The second, the Culler citation, appears in a paper he wrote for the Irvine conference, ‘Humanities Centres and the Reconfiguration of Knowledge’. The full citation is on pages 4-5: ‘A major goal of the humanities, it seems to me, ought to be the elimination of the social sciences, which consume valuable resources to little purpose.’ He goes on to state that the ‘more interesting aspects of social thought’ have been ‘taken over’ by ‘people working in humanities departments’, which may or may not be the case: the eliminees might wish to participate in that judgment. It also leaves the status of that ‘social thought’ – my real question – an open issue.
Finally, Professor Derrida’s comments were tape-recorded and hopefully could be reconstructed competently.
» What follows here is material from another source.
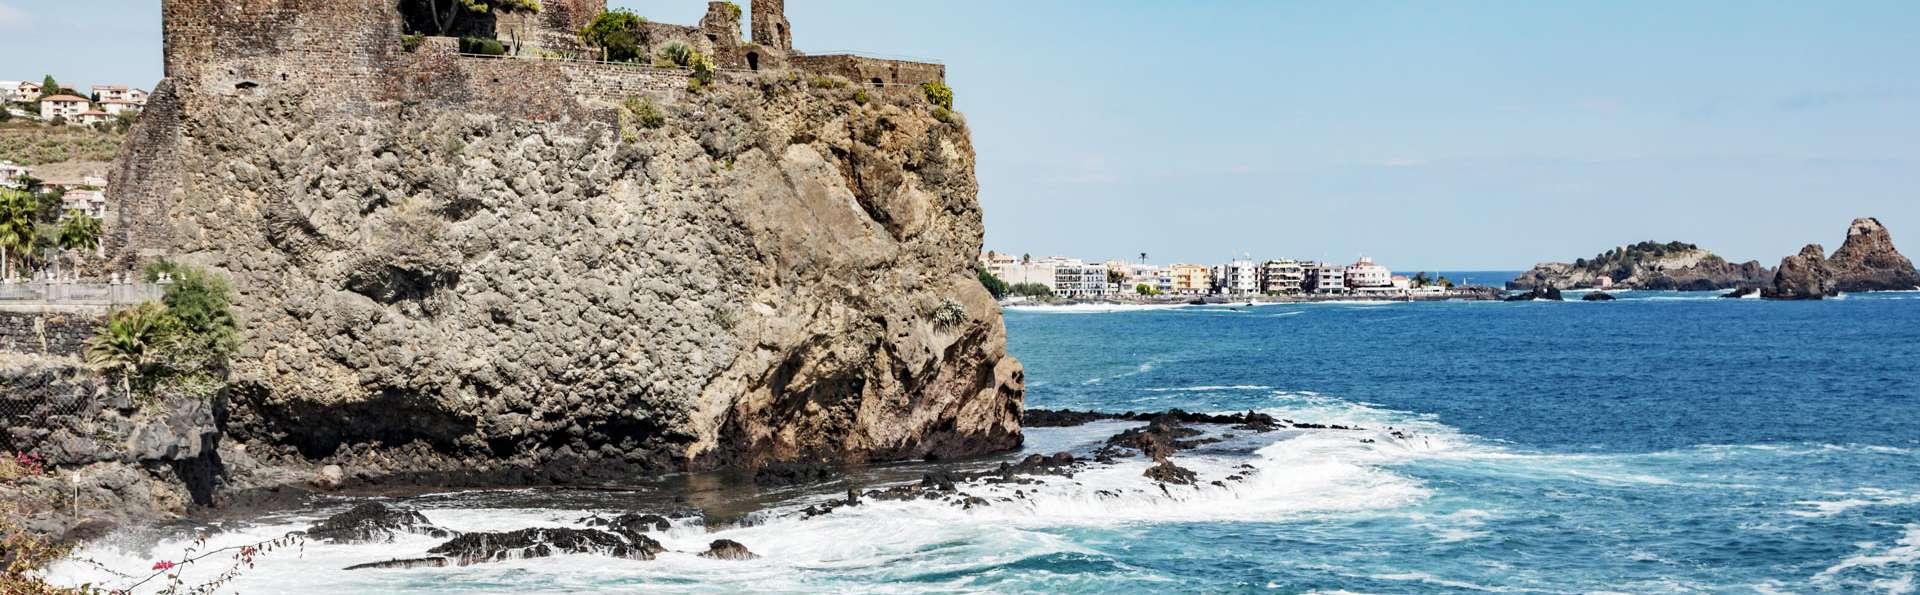 Sicilia's Art Hotel & SPA - EDIT_ACI_CASTELLO_03.jpg

I was aware that they referred to his role in constituting the fine institution that the Collège is; I was not aware that he made a sharp distinction between that activity and his writing and thought.
In the end, I found Professor Derrida’s last sentence obscure, and have discovered three ways to read it. The first, intoned as ‘I will answer, not her,’ has him taking the task of answering the question out of my incompetent hands. The second, intoned ‘I will answer: not her,’ has him saying that he will come forth and respond but will not address the response to me, the direct object of the verb. The third, which is presumably what he expected to mean, ‘I will answer: not her,’ is that we cannot believe ‘J.F. MacCannell’.